Dr. Molly Sutherland
University of Delaware
Friday, April 3, 2026
12:00 Noon
Room 120 – Meyerhoff Chemistry Building
Host: Dr. Aaron Smith
“How does heme move? Insights into heme trafficking from the bacterial cytochrome c biogenesis pathways”
Heme is a critical cofactor for many biological processes across all domains of life. Heme’s redox properties contribute to its functions in gas sensing, electron transfer, as well regulation of key cellular processes. Yet, the same redox properties that confer heme’s biological importance also render it highly cytotoxic resulting in tight intracellular regulation. Despite its biological relevance, the molecular mechanisms of heme transport are not well understood. We are developing the bacterial cytochrome c biogenesis pathways as model to probe the binding, transport and modification of heme. Cytochromes c are widespread hemoproteins that commonly function in the context of electron transport chains to support respiration, photosynthesis and even detoxification.
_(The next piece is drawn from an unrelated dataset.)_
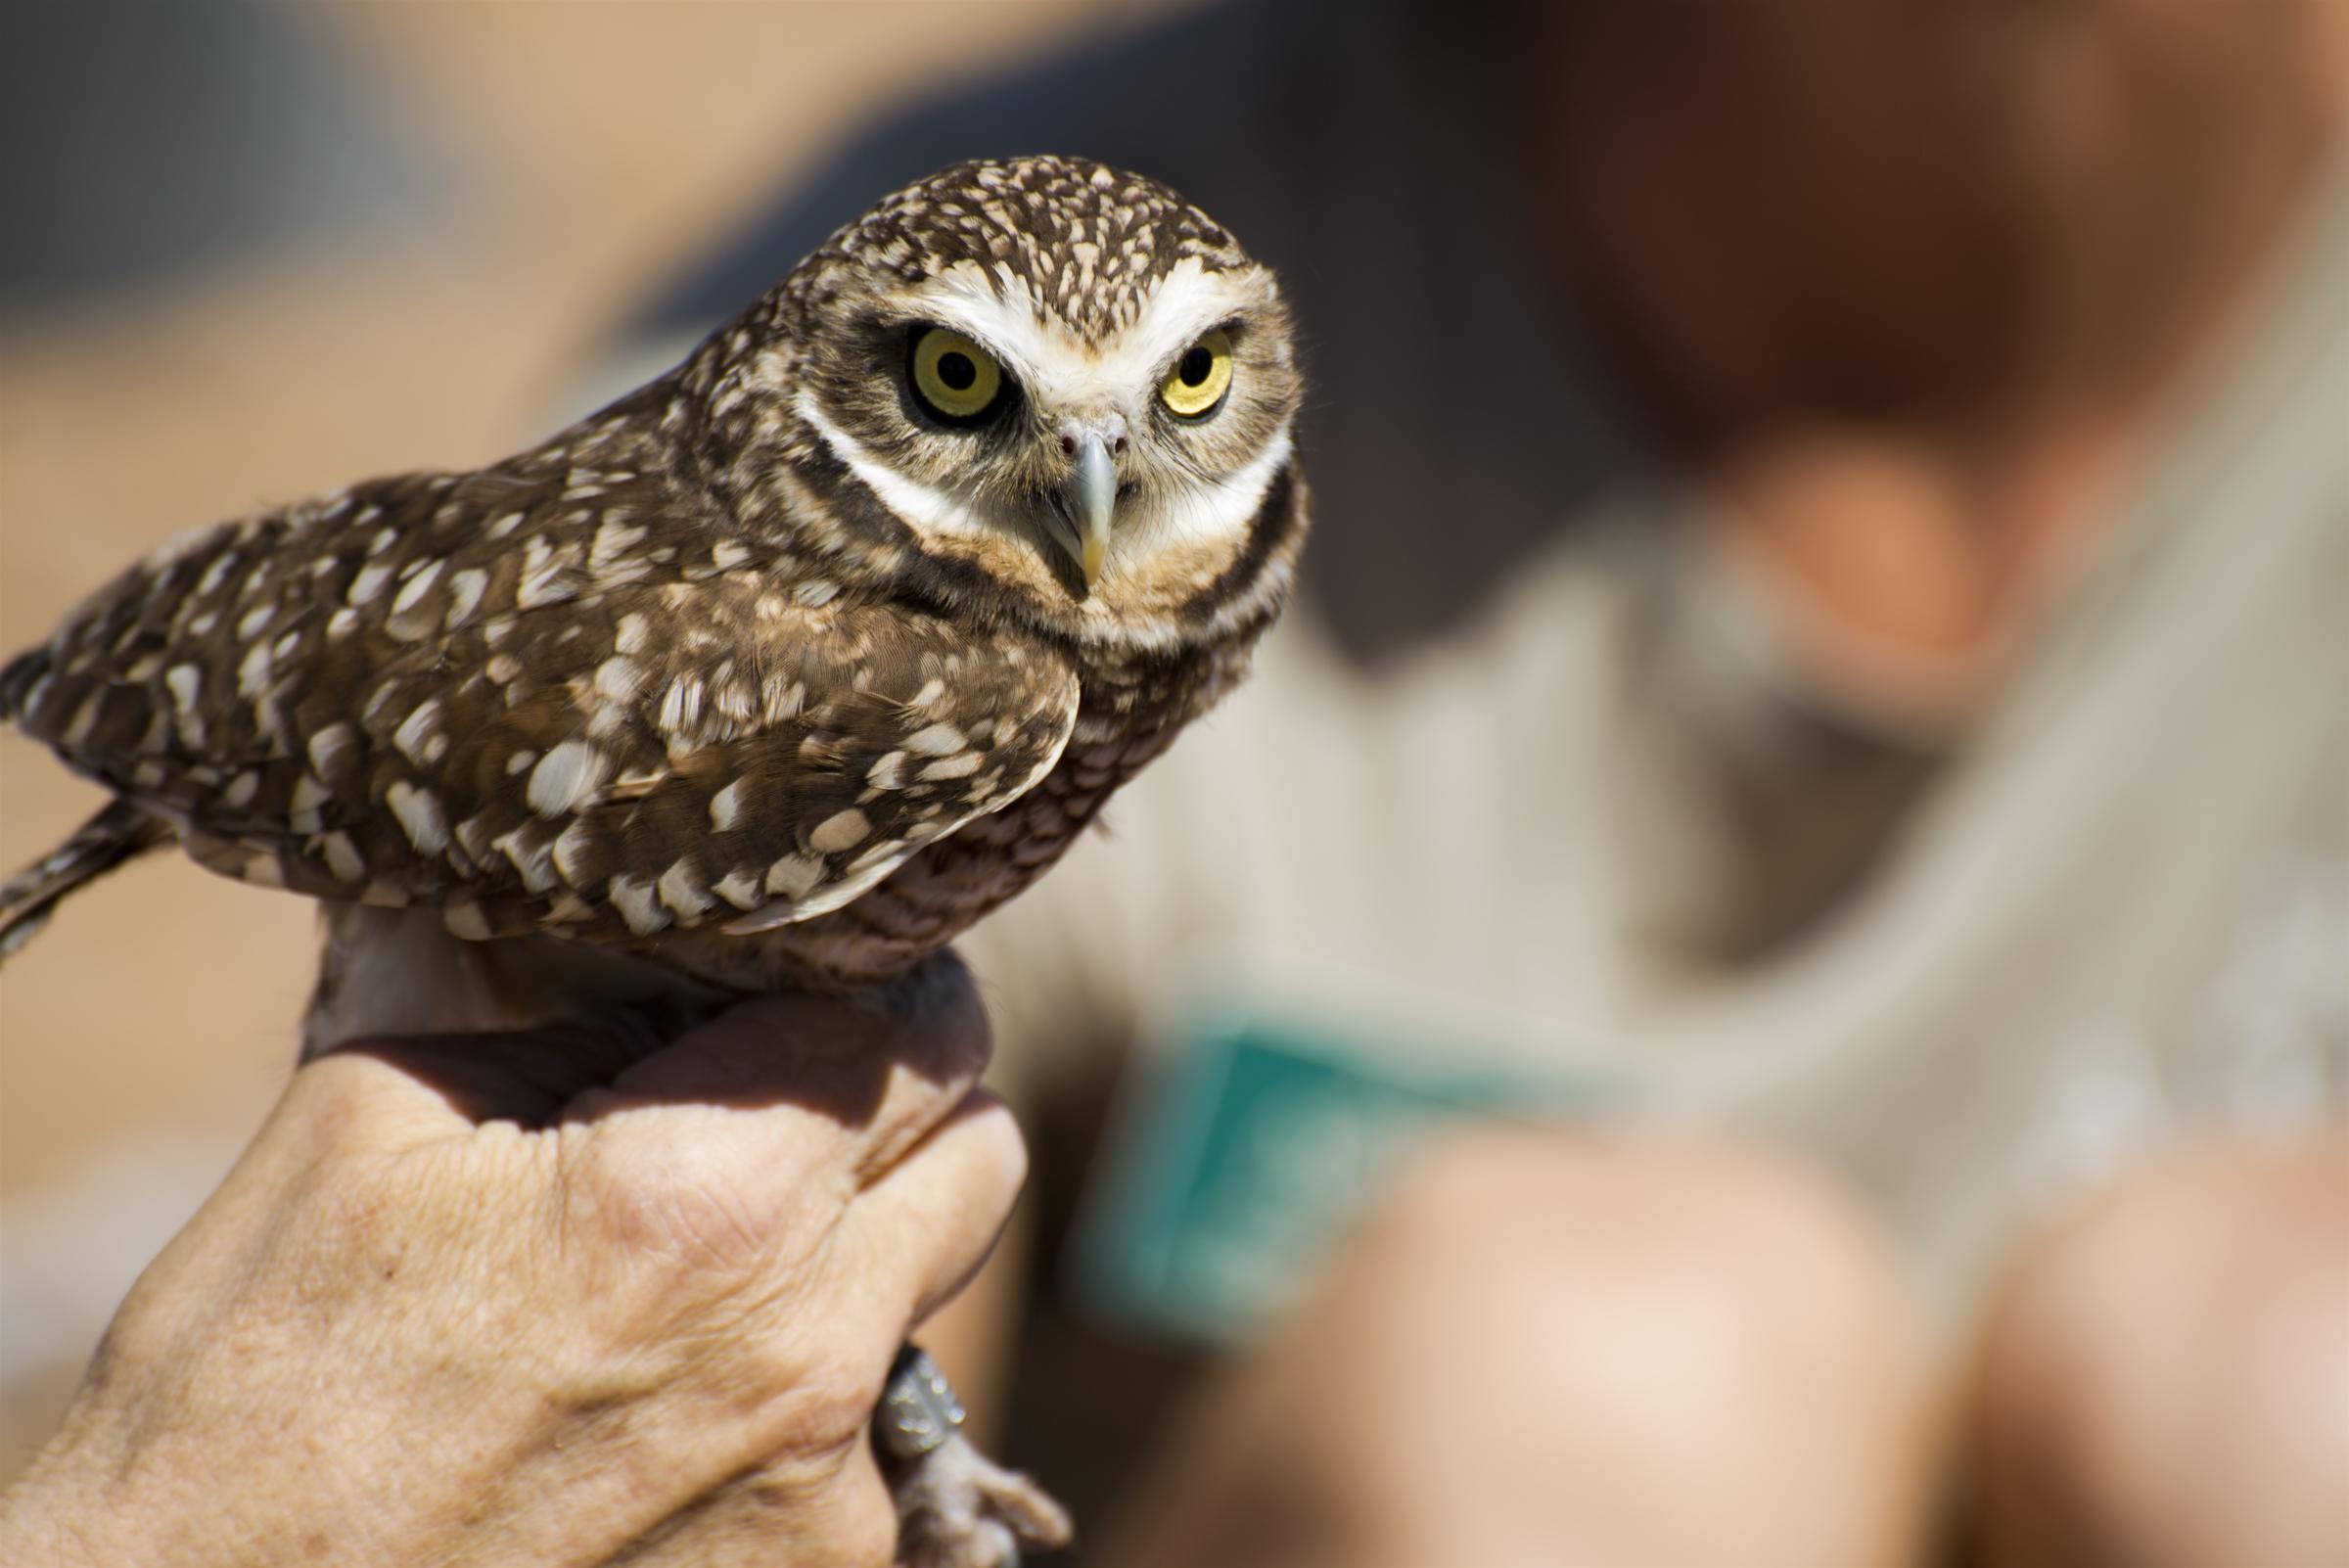 A Burrowing Owl rests in the hand of a conservationist.

All cytochromes c require the covalent attachment of heme for proper folding and function. Heme attachment or cytochrome c biogenesis requires the trafficking of heme from the inside to the outside of the cell where heme is stereospecifically positioned by the holocytochrome c synthase and attached to cytochrome c. Three pathways for cytochrome c biogenesis have been identified: System I (prokaryotes, CcmABCDEFGH/I), System II (prokaryotes, CcsBA or ResBC) and System III (eukaryotes, HCCS). We use a well-characterized recombinant E. coli system for functional assays and affinity purification of pathway components with endogenous heme to interrogate heme trafficking mechanisms. Structure-function analyses have biochemically mapped a conserved heme binding domain which may represent a novel antimicrobial target. Recently, a heme transport channel has been identified, providing insights into general mechanisms of heme trafficking.